In the preprint paper “Causal Narratives” (NBER Publication Series), Chad Kendall of the University of Southern California and Constantine Charles show the results of their own experiments on how specific types of narratives can work, tied into a single narrative story. In this case, “causal narratives” were studied – a linear narrative similar to those used in modern technologies of “storytelling” and linking heterogeneous data sets one after another in a chain. Kendall and Charles were actually experimentally testing the assumptions of a 2020 article by Kfir Eliaz and Rani Shpiler, who studied different types of narratives, including “smoothing,” which assumes a logical alignment of contradictory facts, and “annoying,” which pits facts against each other. Its authors assumed that, on average, people would prefer the first type of narrative construction.

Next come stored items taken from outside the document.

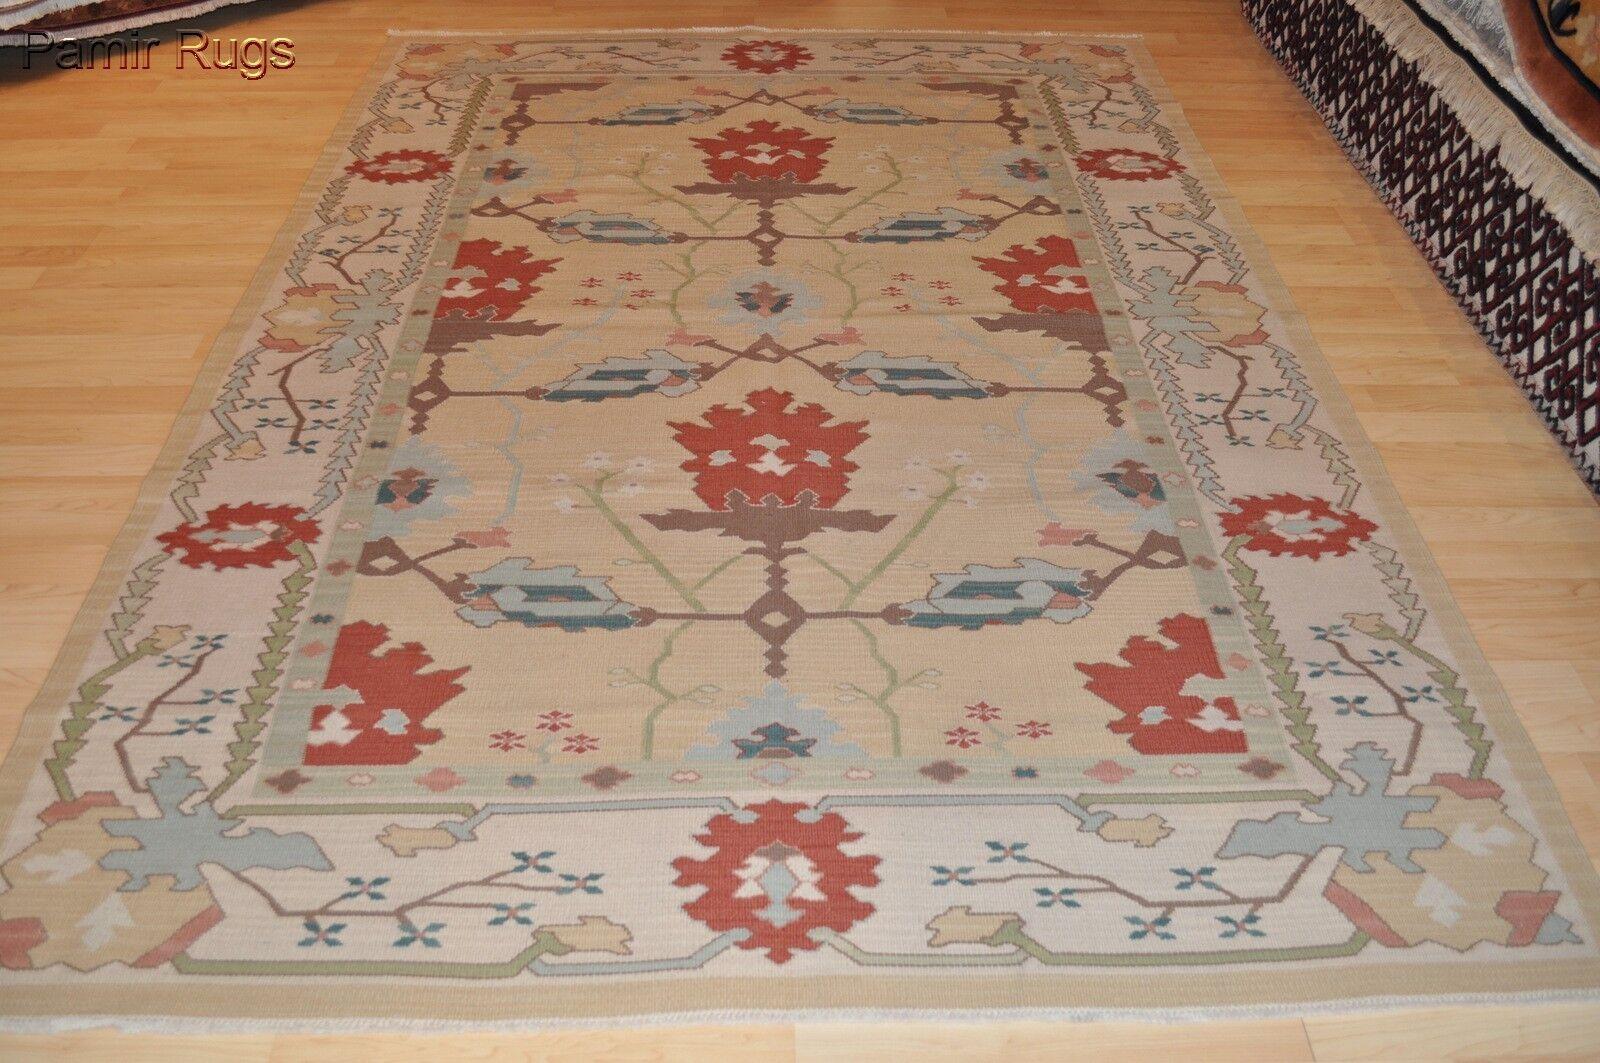 6x9 Ft Handmade Hand Woven Flat Woven Kilim Rug Oushak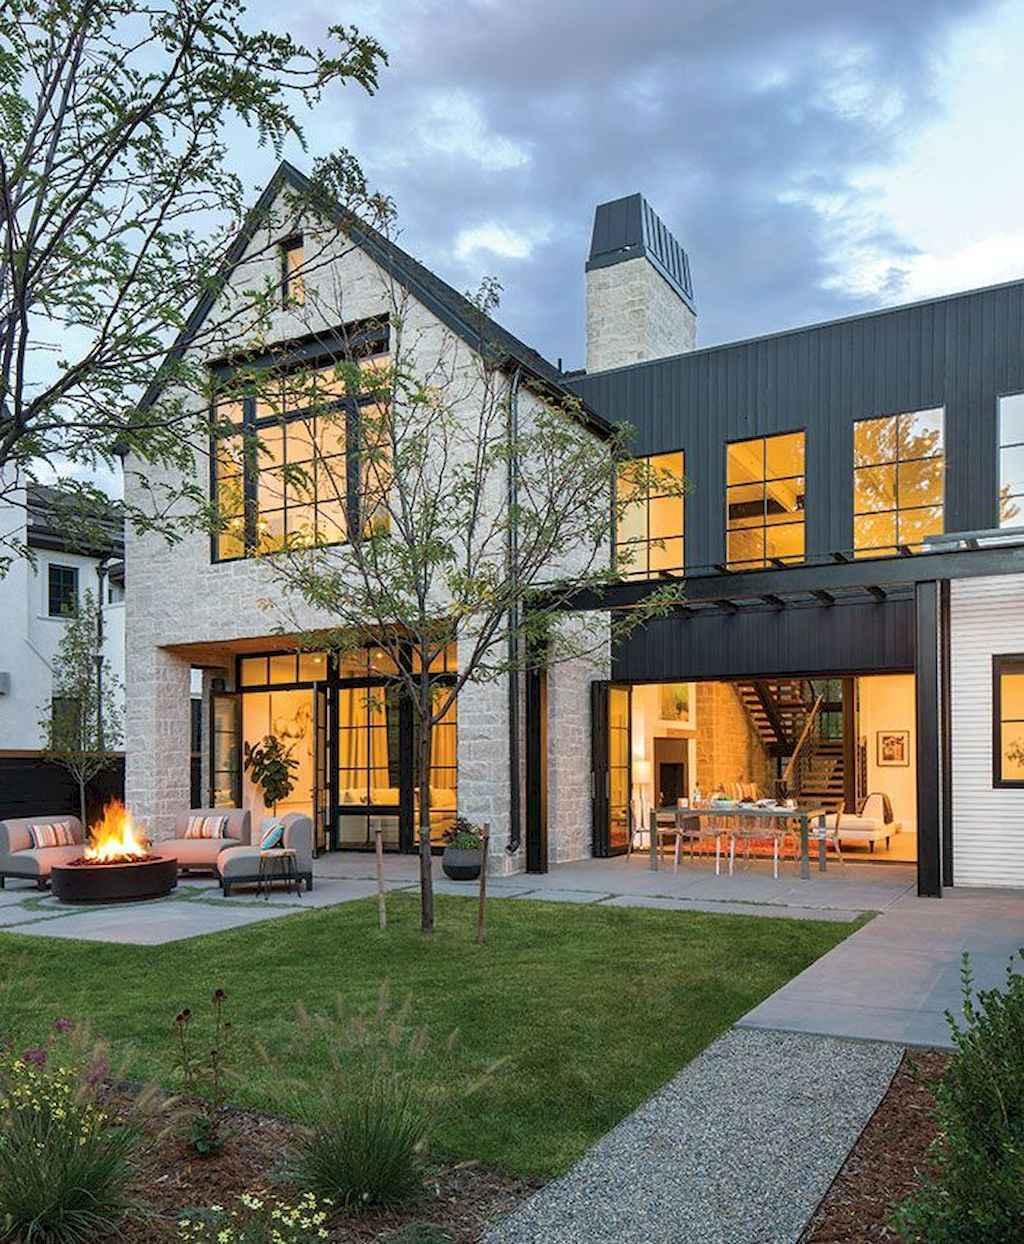 90 incredible modern farmhouse exterior design ideas 63 for Farmhouse style architecture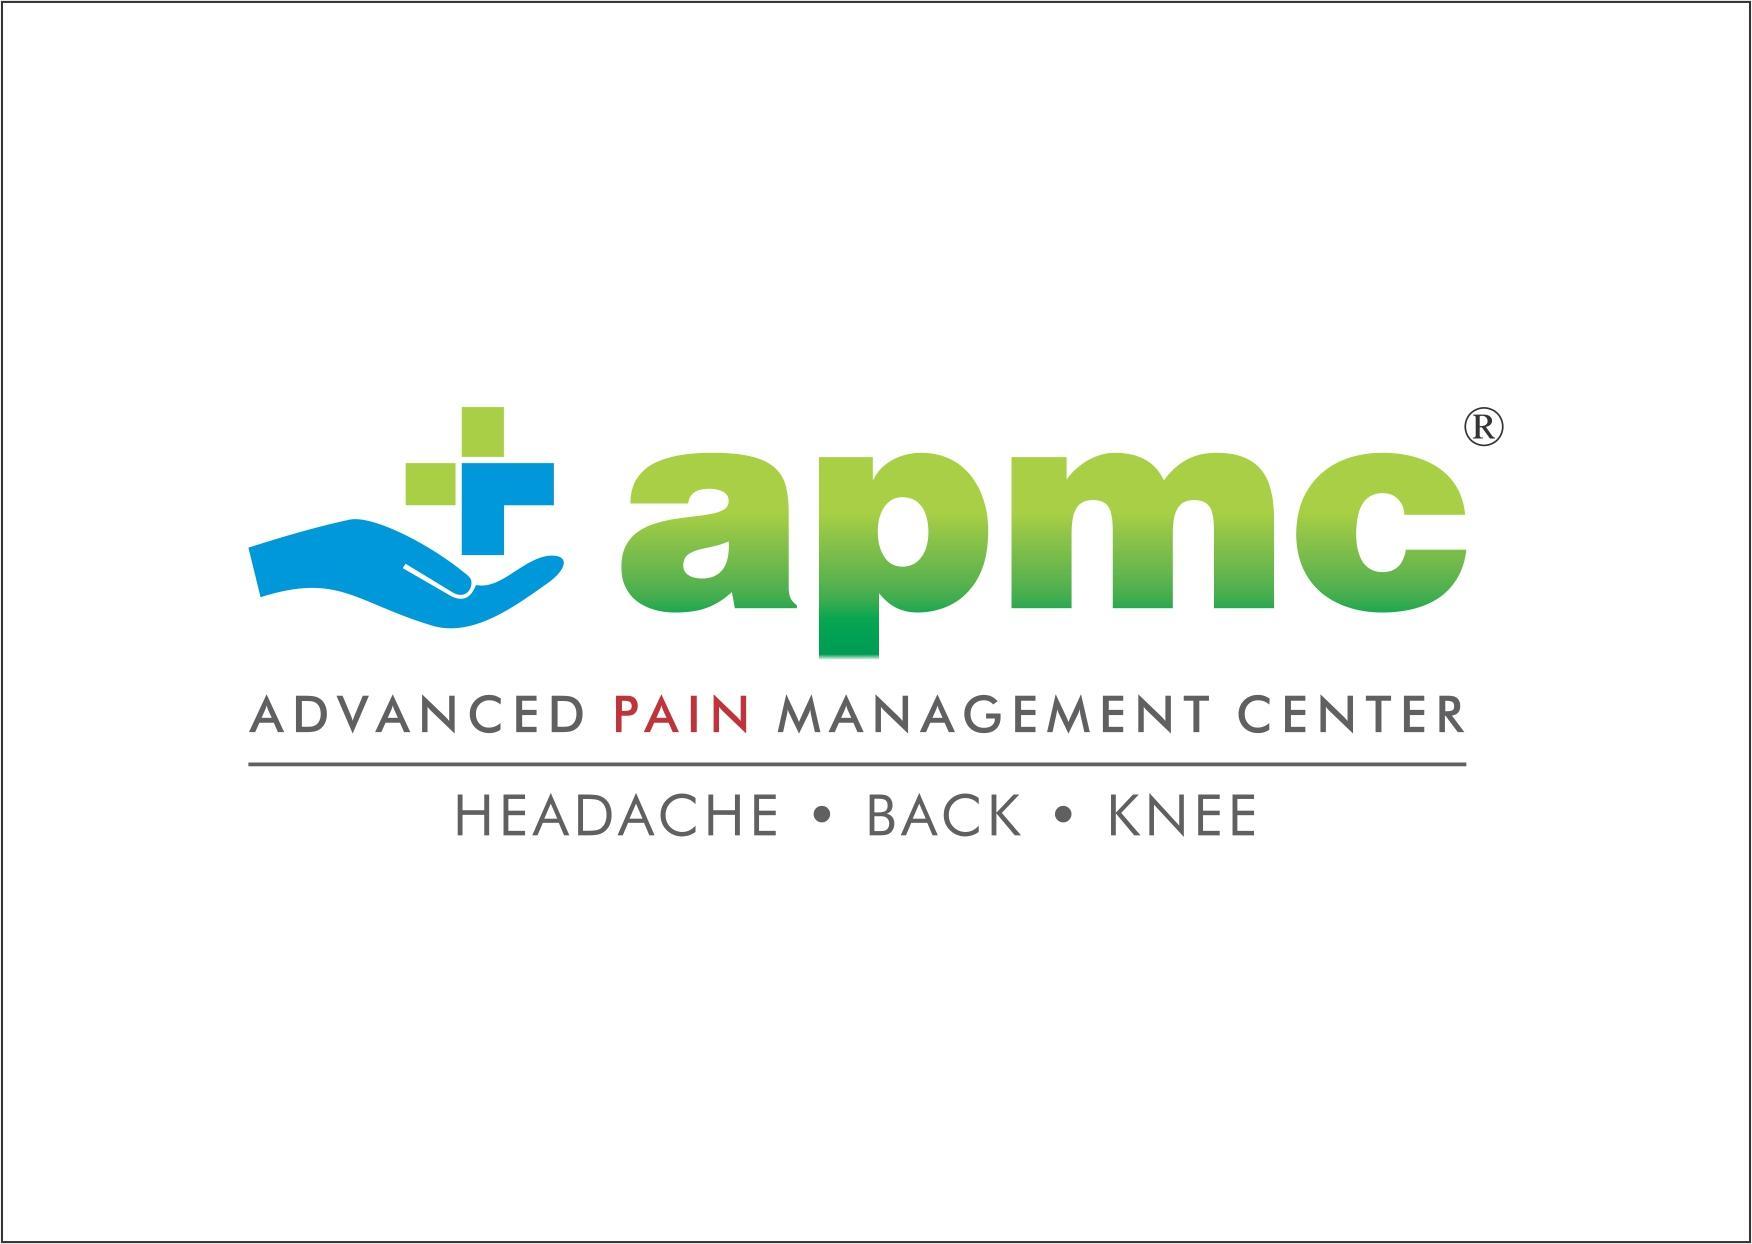 Amrutanjan's Advanced Pain Management Center (APMC)

It is no coincidence that these studies are undertaken by economists, and not by psychologists, linguists or sociologists, who in recent years have also been extremely interested in the study of narratives and the source of their persuasiveness for listeners – it sometimes surpasses the power of logic and evidence. For behavioral economics, narratives are one of the foundations for the formation of expectations that underlie the explanatory models of many modern economic schools. In the narrow sense, expectations management has been the basis of the neo-Keynesian practice of monetary policy of most central banks since the end of the 20th century. In other words, any Central Bank would like to know how economic explanations for the relationship of certain figures (for example, government spending and inflation) are accepted by the markets, how different types of explanations compete with each other, and why sometimes the wildest narratives outperform scientifically based reports.

The main findings of the experiments of Kendall and Charles, which tested the ability of people to form, borrow and reject narratives, are as follows. “Causal narratives” (at a minimum, placing additional intermediate variables between two sets of data, “A depends on B through C”) do have a special power – if the story is created in this way, then it works better than narratives of any other type, and the demonstration of refuting a constructed narrative of statistical or factual data can only reduce the spread of the “causal narrative” by 20-30%, but de facto does not refute it. People do prefer “flattening” narratives to “annoying” ones, but to a greater extent they love the narratives that they create themselves and are ready to spread them more vigorously than any others. But it is the “intermediate data series” that is of primary importance: even if the initial and final data series are not connected in any way, putting correlating data “explaining everything” between them has almost magical power. The stories concocted in this way about how, for example, information consumption by teenagers of social media and depression can be connected, there is little that can resist, including objective data about the absence of such a connection, and a formally equal (and no less logical) message that teen depression leads to social media use. It is not hard to imagine that the study of narratives by economists will remain at the forefront of research: the potential results are very enticing for all players from marketing to public administration.